In the “more general form of the transformation that incorporates a shift parameter”, shouldn't the geometric mean include the same shift (to ensure positivity)? I.e.

\tau (y_{i};\lambda ,\alpha )={\begin{cases}{\dfrac {(y_{i}+\alpha )^{\lambda }-1}{\lambda (\operatorname {GM} (y+\alpha ))^{\lambda -1}}}&\mathrm {if} \ \lambda \neq 0,\\\\\operatorname {GM} (y+\alpha )\ln(y_{i}+\alpha )&\mathrm {if} \ \lambda =0,\end{cases}}

— Preceding unsigned comment added by Ged.R (talk • contribs) 16:18, 13 April 2012 (UTC)[reply]

Does Box-Cox the math (as shown in Wikipedia) work?[edit]

A colleague of mine is a PhD physicist. He offered the following critique of Wikipedia’s article on the Box-Cox distribution:

Wikipedia defines the Box-Cox distribution as “the distribution of a random variable X for which the Box–Cox transformation on X follows a truncated normal distribution.” The truncated-normal variate is defined as Y, which is the Box-Cox transformation of X: Y = (X^a – 1)/a if a is not equal to zero, else Y = ln(X). I denote the probability density functions (pdfs) of X and Y as fx(X) and fy(Y), and I use symbol a instead of Wikipedia’s notation lambda.

This is a textbook-level problem. Upon solving it, I find there are 5 errors in Wikipedia equation that ostensibly represents fx(X). The derivation goes as follows:

After equating the CDFs Fy(Y(X)) = Fx(X), differentiating both sides with respect to X gives

fx(X) = fy(Y) |dY/dX|.                                                                                                                      (1)

Direct substitution of Y(X) into Eq. (1) gives directly an expression for fx(X):

fx(X) = fy(Y(X)) |X^(a-1)|.                                                                                                                (2)

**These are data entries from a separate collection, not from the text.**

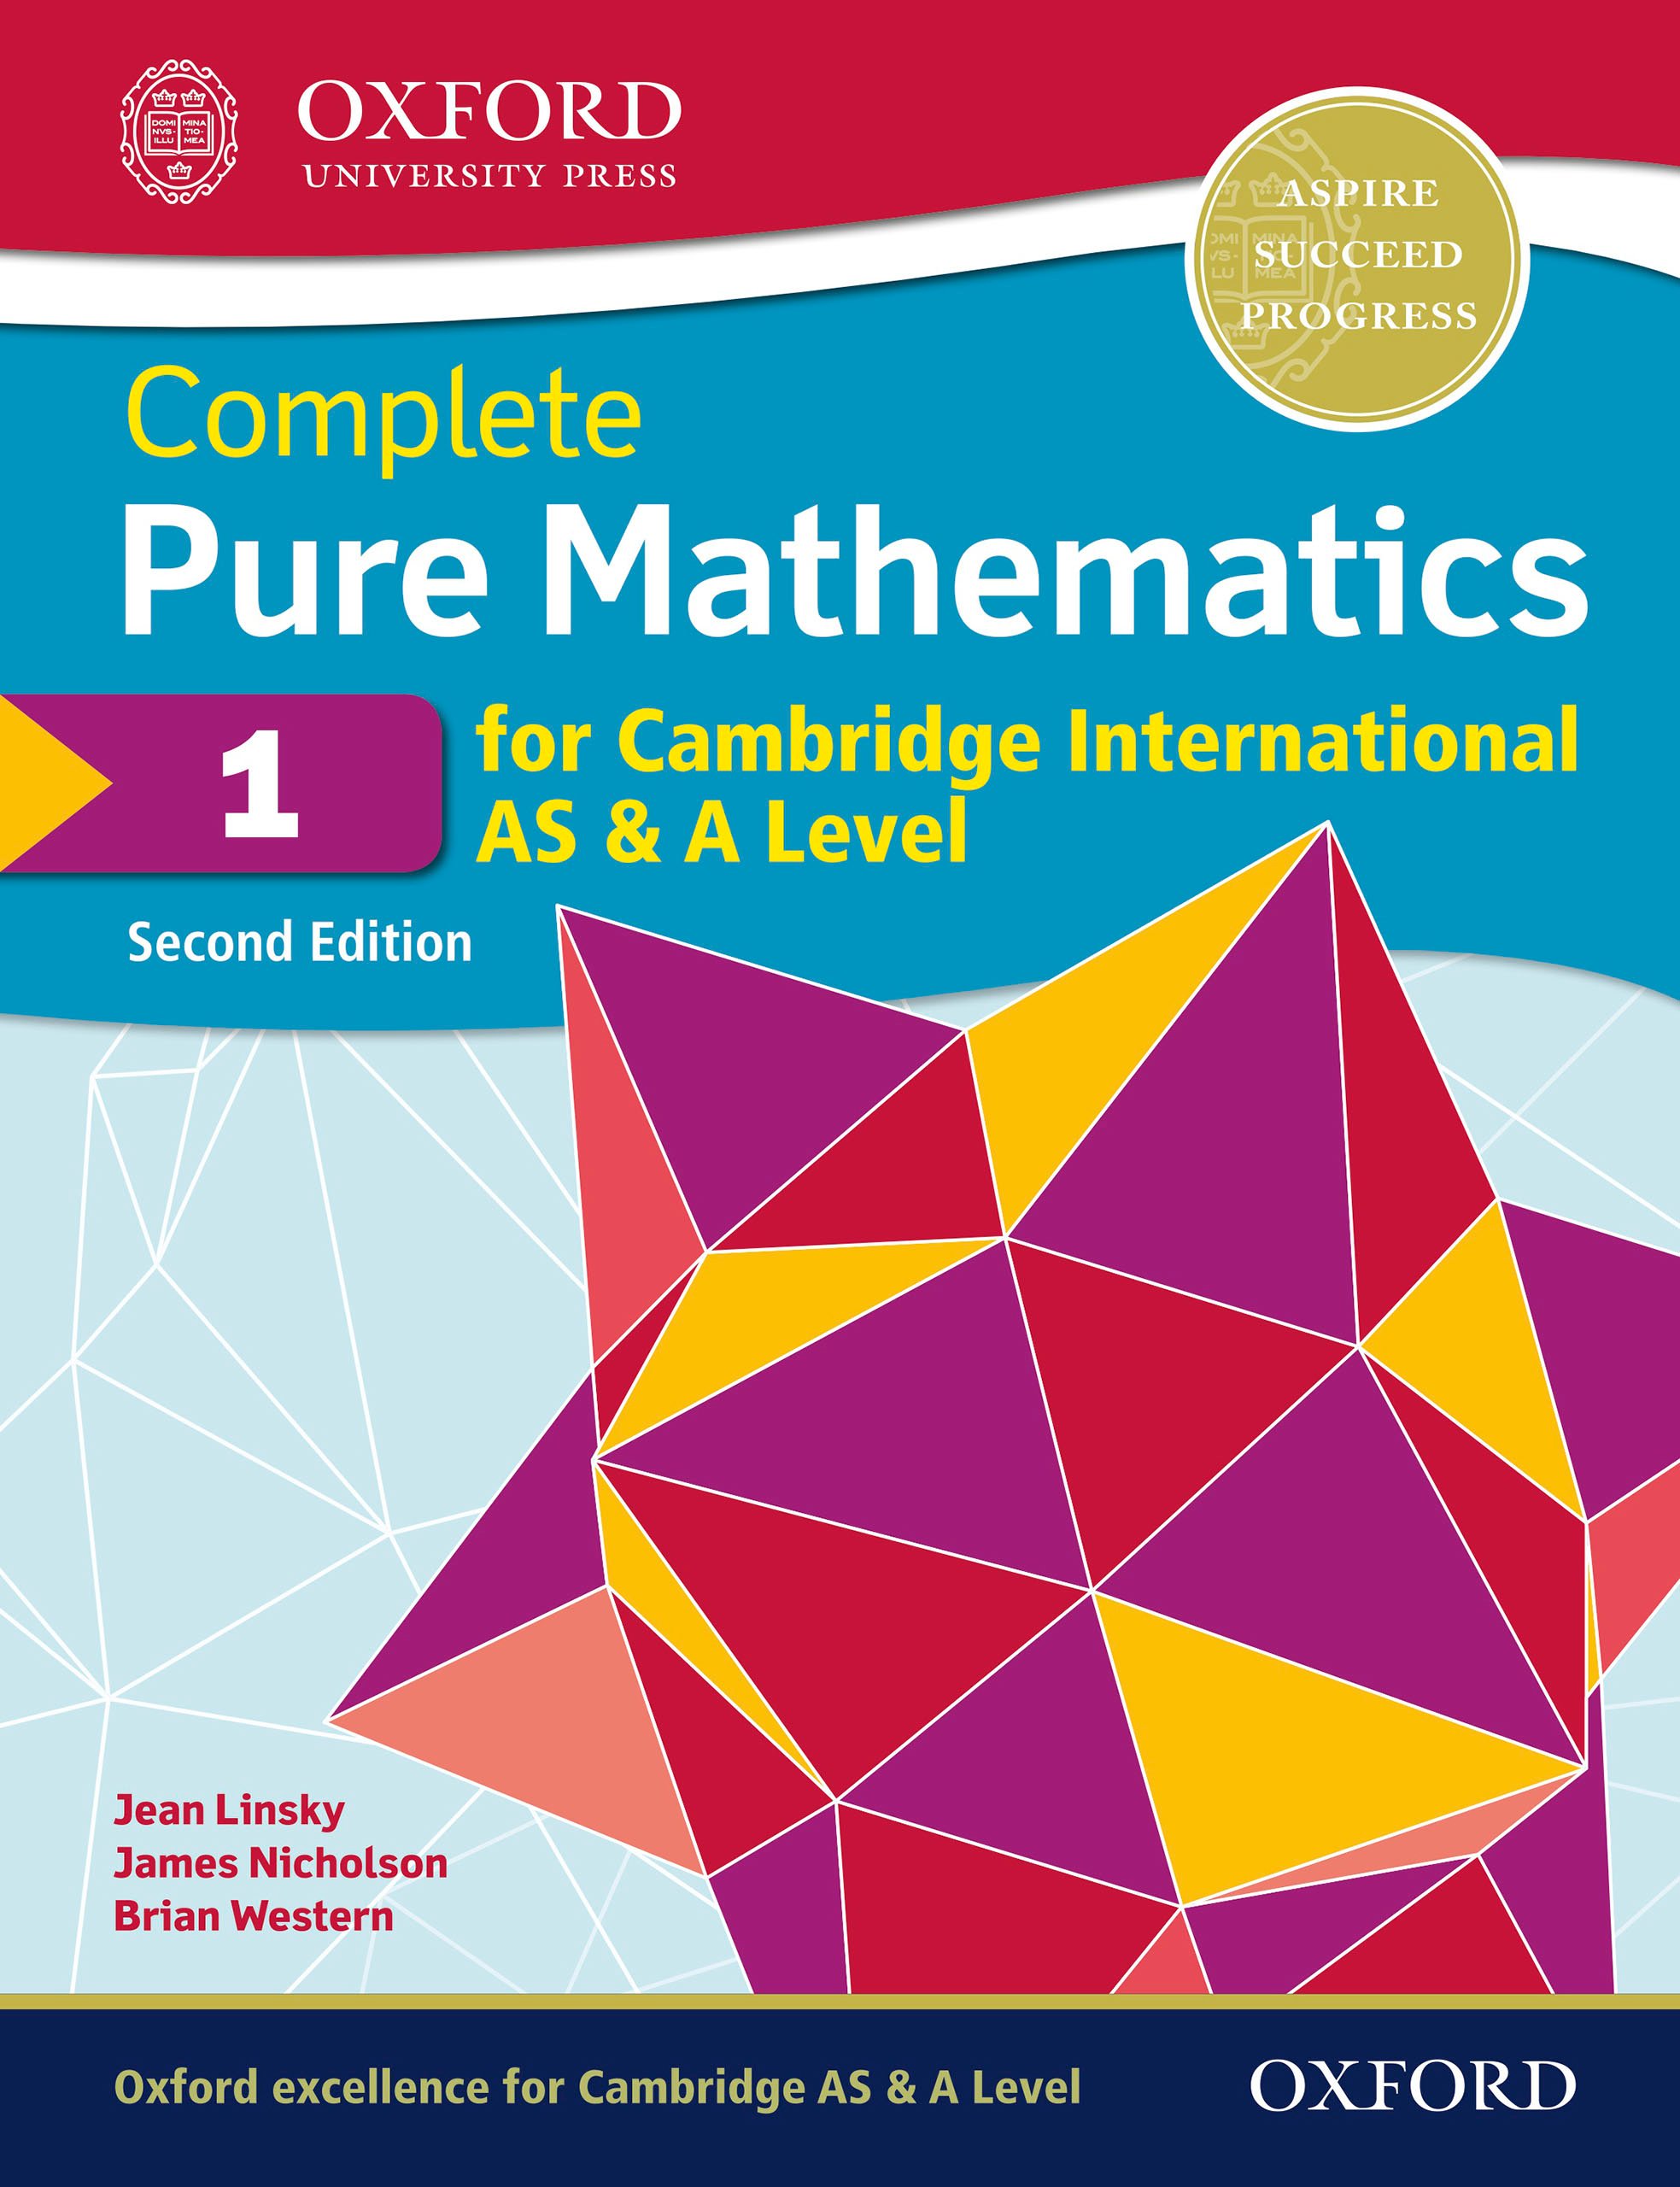 A level pure mathematics pdf free download saraswati stotram mp3 free download
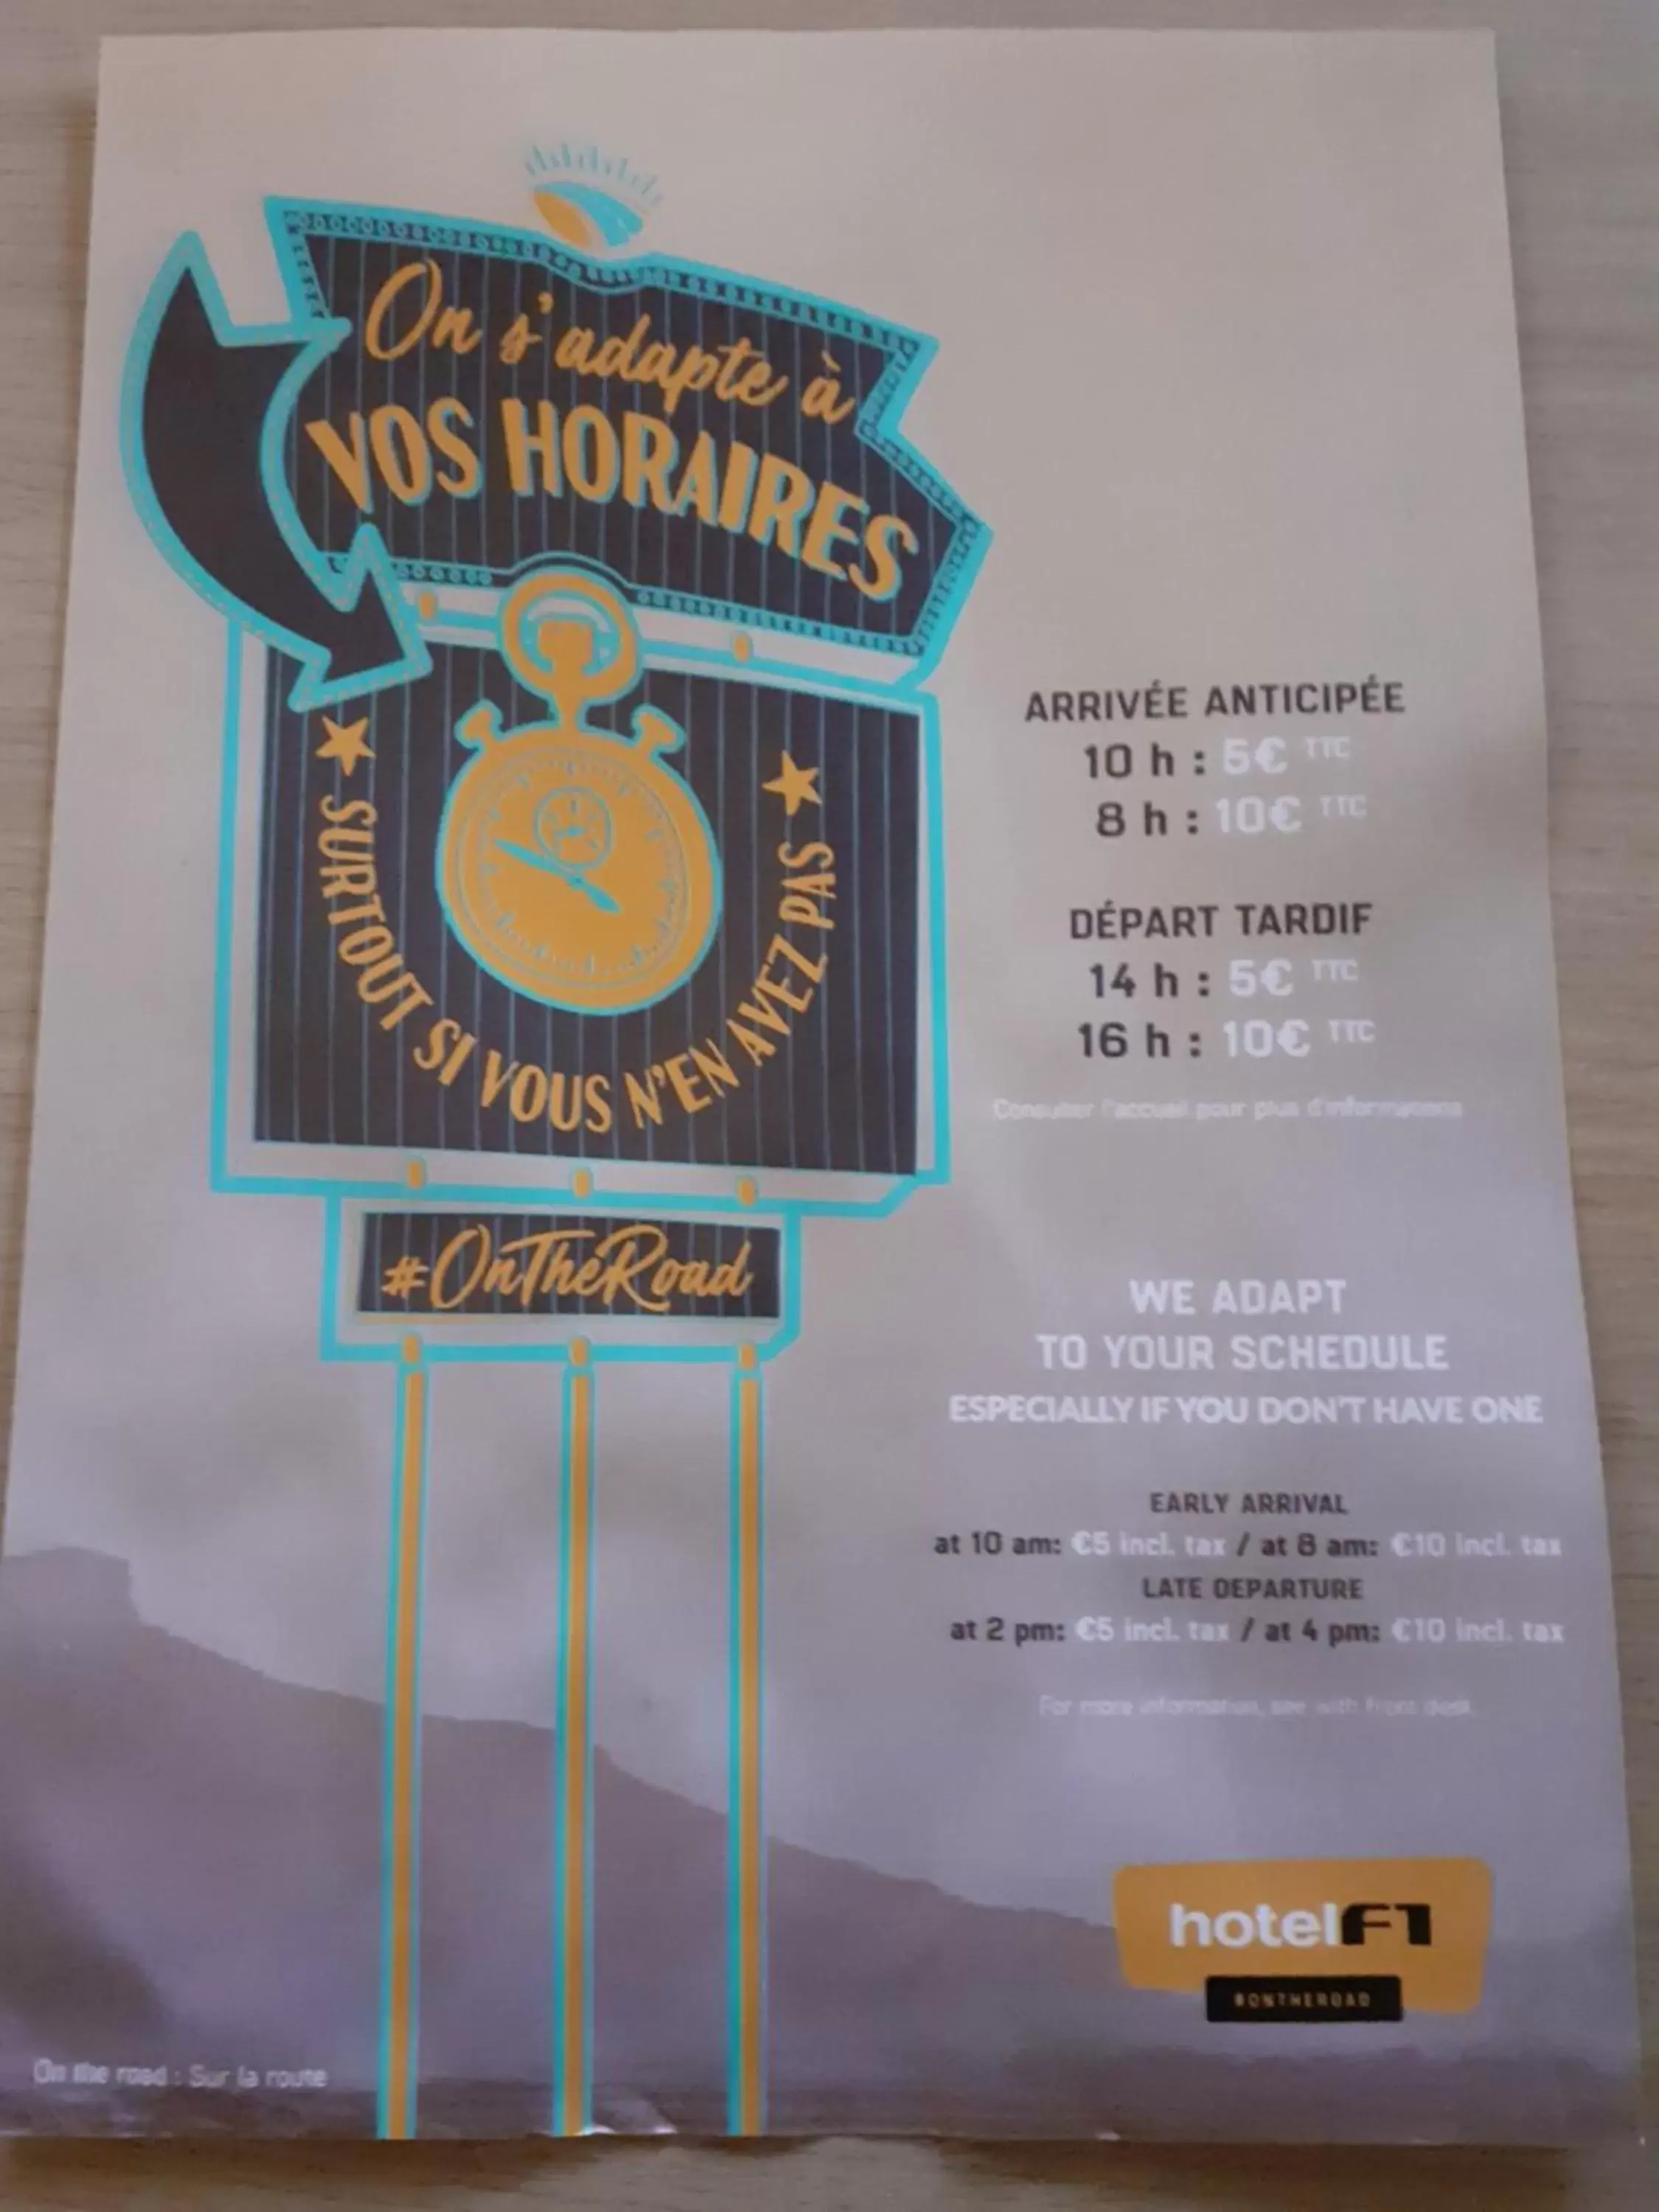 Certificate/Award in hotelF1 Saintes
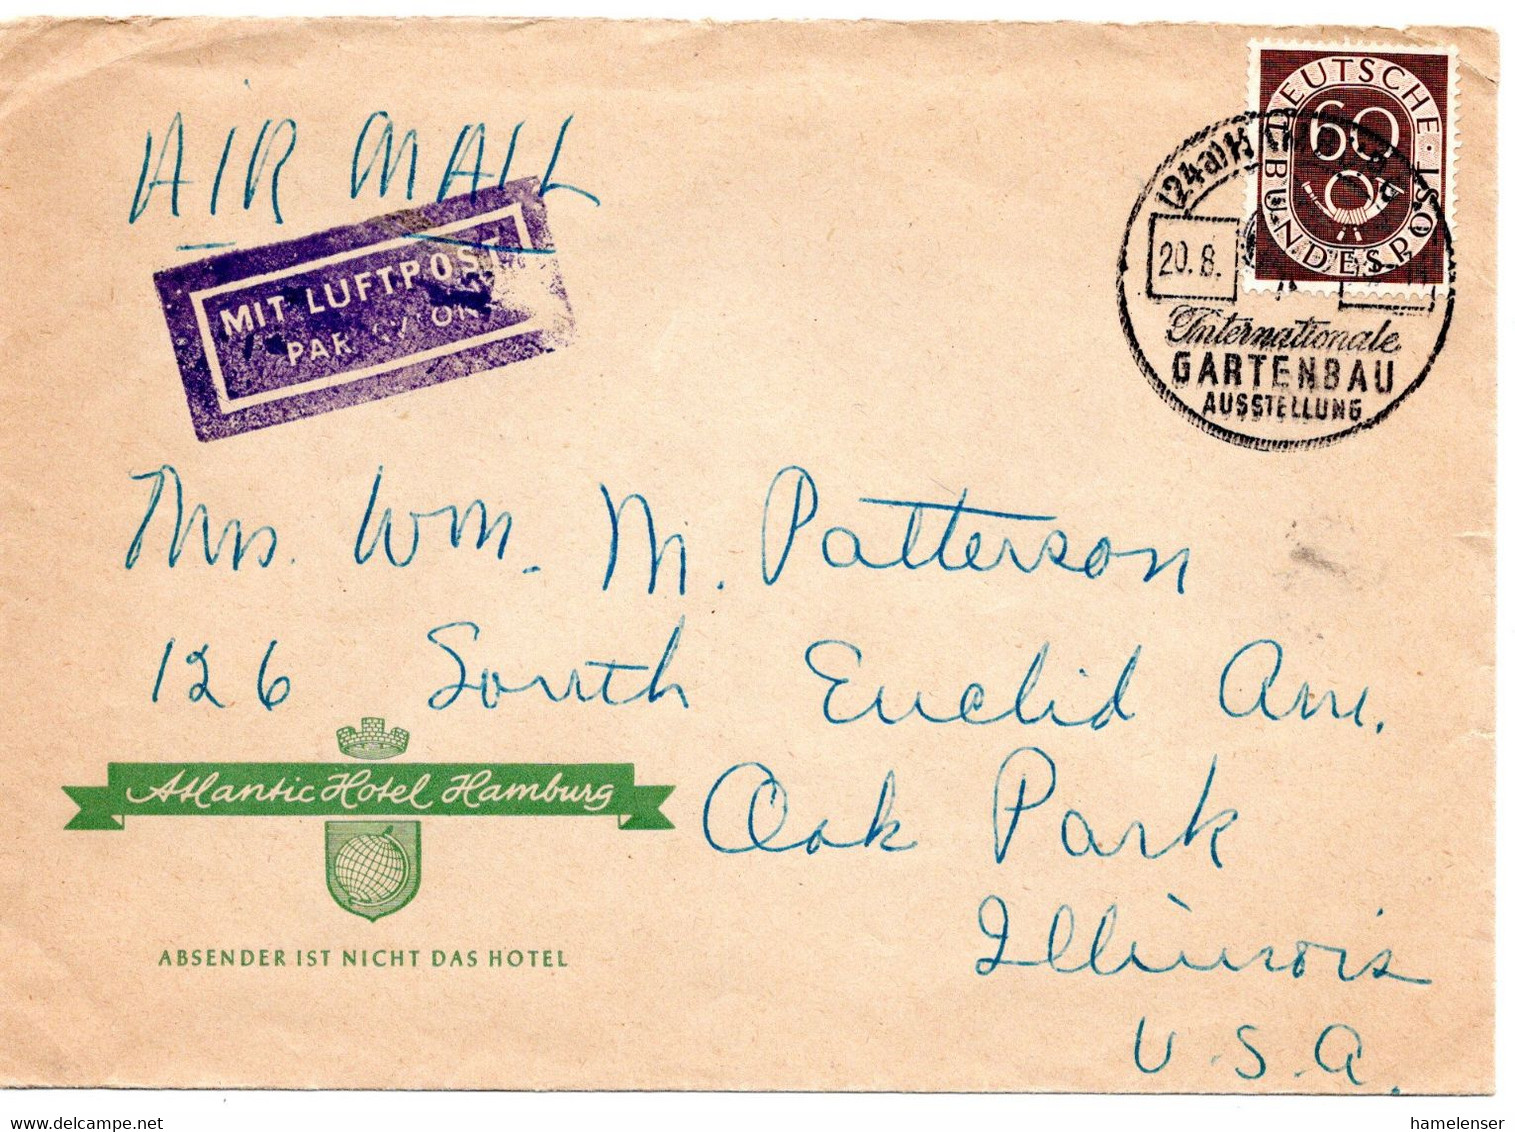 55680 - Bund - 1953 - 60Pfg. Posthorn EF A. LpBf. M. SoStpl. HAMBURG - GARTENBAUAUSSTELLUNG -> Oak Park, IL (USA) - Lettres & Documents

Here, we remind that Y(X) = (X^a – 1)/a if a is nonzero, else Y(X) = ln(X). Also, Y is undefined when X < 0, and hence Y must also be non-negative by dint of the Box-Cox transformation. The non-negativity enforced on Y forces fy(Y) to be NOT a Gaussian as one would have hoped, but a truncated Gaussian with truncation at Y = 0 and keeping only the part of the Y domain that is either greater than or less than zero. With this information, one can write Eq. 2 (with substitution from Eq. 3) understanding that Y is an implicit function of X. Also, in this case we can drop the absolute-value sign, so

   fx(X) = fy(Y) X^(a-1).                                                                                                                      (3)

In Eq. 3, we can substitute for fy(Y) the following:

       fy(Y) = (1/K) fyo(Y) =(1/K) [1/[sqrt(2pi s^2)] exp[-(Y – m)^2/(2s^2)).                                                                      (4)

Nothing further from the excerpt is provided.